We asked Giuseppe Palumbo to tell us some "behind the scenes" of that experience, from the meeting with Graziano Ferrari and Giuseppe Priore, to the creation of the volume, to his future projects.

How did the collaboration with Graziano Ferrari and the Lucan Group of Civil Protection come about?

GP Everything happened through the publisher Lavieri. The Lucan Civil Protection Group has its own comic series in its catalog and the publisher was looking for a suitable author for the story that Graziano Ferrari had proposed. Robert Mallet's story, in his view, required attention, a sign different from other titles and so my name had popped up. To this we add the fact that Graziano and I both live in Bologna and this has definitely favored the processing, the exchange of information and the narrative construction.

Was it the first time you were confronted with the story of geology in comic form?

Yes. But this has never been a problem: I have devoted part of my comics production to the creation of non-fiction-biographical, political, scientific, philosophical works. So geology was my new challenge.

Did you know the story of Robert Mallet?

I confess not. I was aware of the great earthquake of 1857: a beautiful majolica in Via Roma in Matera, a place of infinite youth pools, reminded me of it and had always attracted and intrigued me. But I knew nothing about Mallet…
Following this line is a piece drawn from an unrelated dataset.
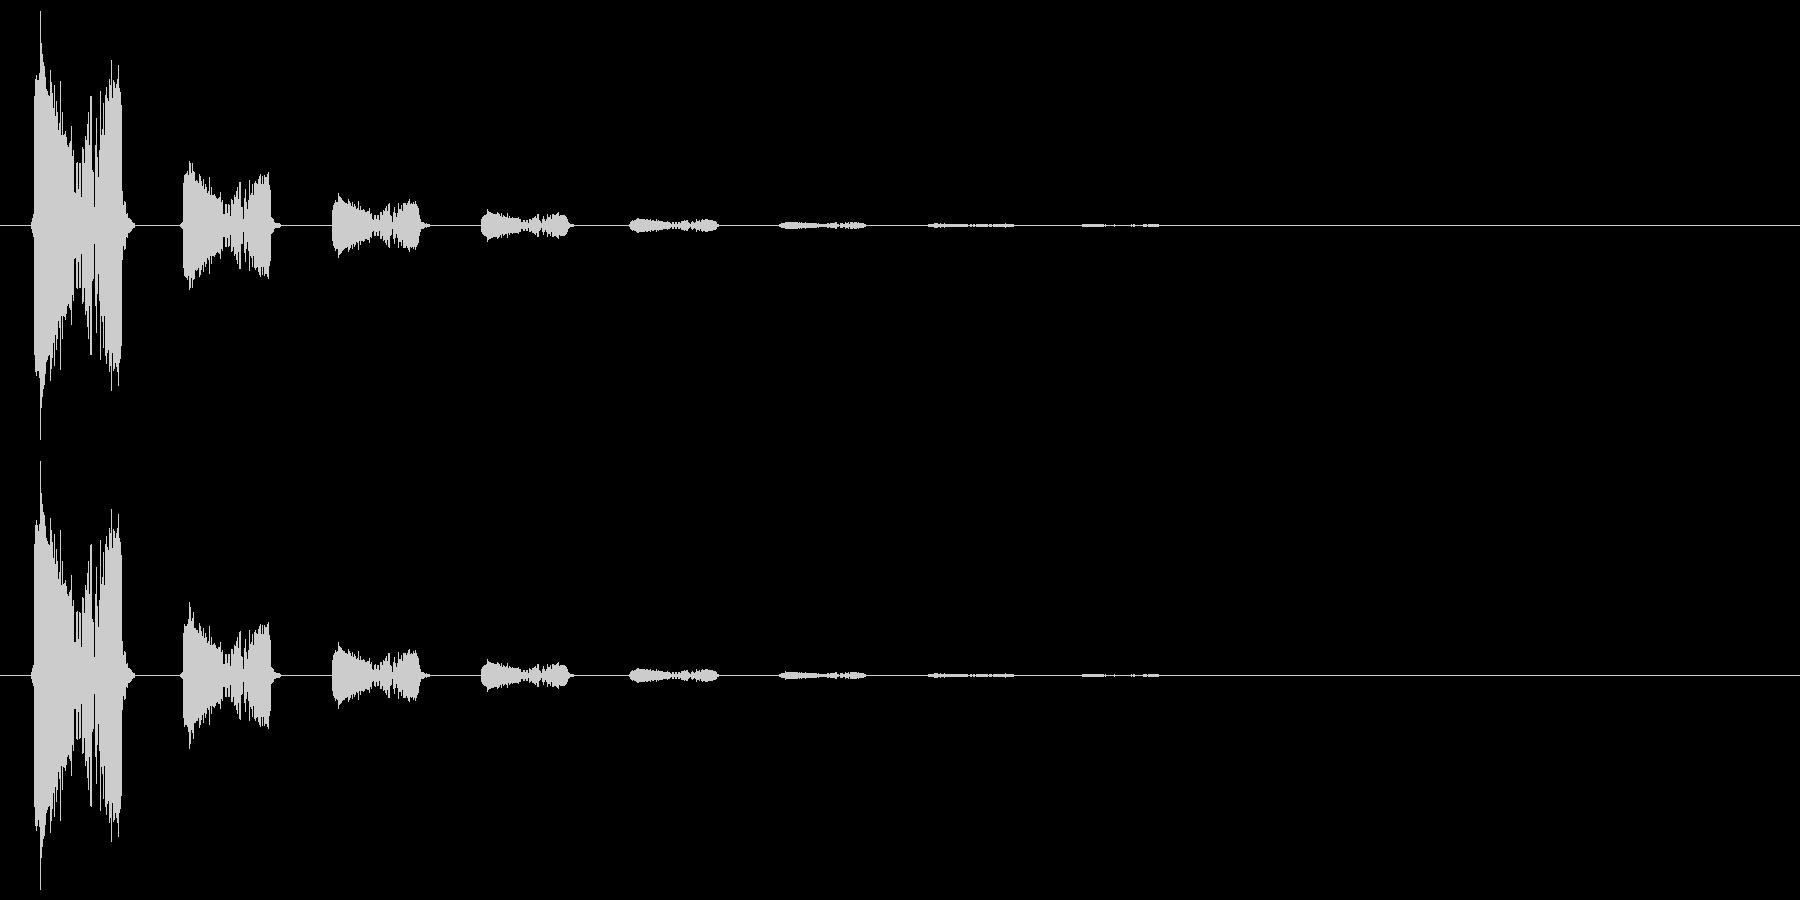 スウィッチ音2(ギュワッ)の未再生の波形

How did you "enter" into its story to be able to draw it?

I carefully, as much as possible, studied and read the documentary materials that Graziano Ferrari had provided me and which I then discussed extensively with him, trying to draw the threads of a narrative. Graziano had drawn up a lineup of events which in fact form the backbone of the story which I then scripted. It was Graziano who got me into the necessary mood.

You have lived in Bologna for some time but were born in Matera: what is your relationship with your hometown, recently re-discovered on an international level as European Capital of Culture 2019? Has she already starred in any of your works?

Matera, I would say more, Lucania, has always been in my stories. My father Franco, among other things one of the founders of the "La Scaletta" club, a worthy association that has worked since 1959 in function of the cultural qualification of Matera, generated in me the love for this city, for this region so rich. If I think of the work I saw him do by meeting, welcoming and assisting great artists such as Pietro Consagra and José Ortega, side by side with art historians such as Giuseppe Appella, this year's celebrations seem small to me. My Matera, my Lucania, are others.

After the experience with Mallet, would you like to go back to drawing geology?

Why not?! I'll talk to Ferrari about it!

What are your plans for the future?

Ah, too many! Among illustrated books (one of all, "Mondo Nuovo" by Aldous Huxley for Mondadori) and comics ("Diabolik" in primis, but also a new series for Sergio Bonelli publisher, "Il Confine", of which I drew the first issue) , the list would be long. My next comic essay? “Pasolini 1964 - Beyond Matera and the Mediterranean”, published by Lavieri in the Action30 series.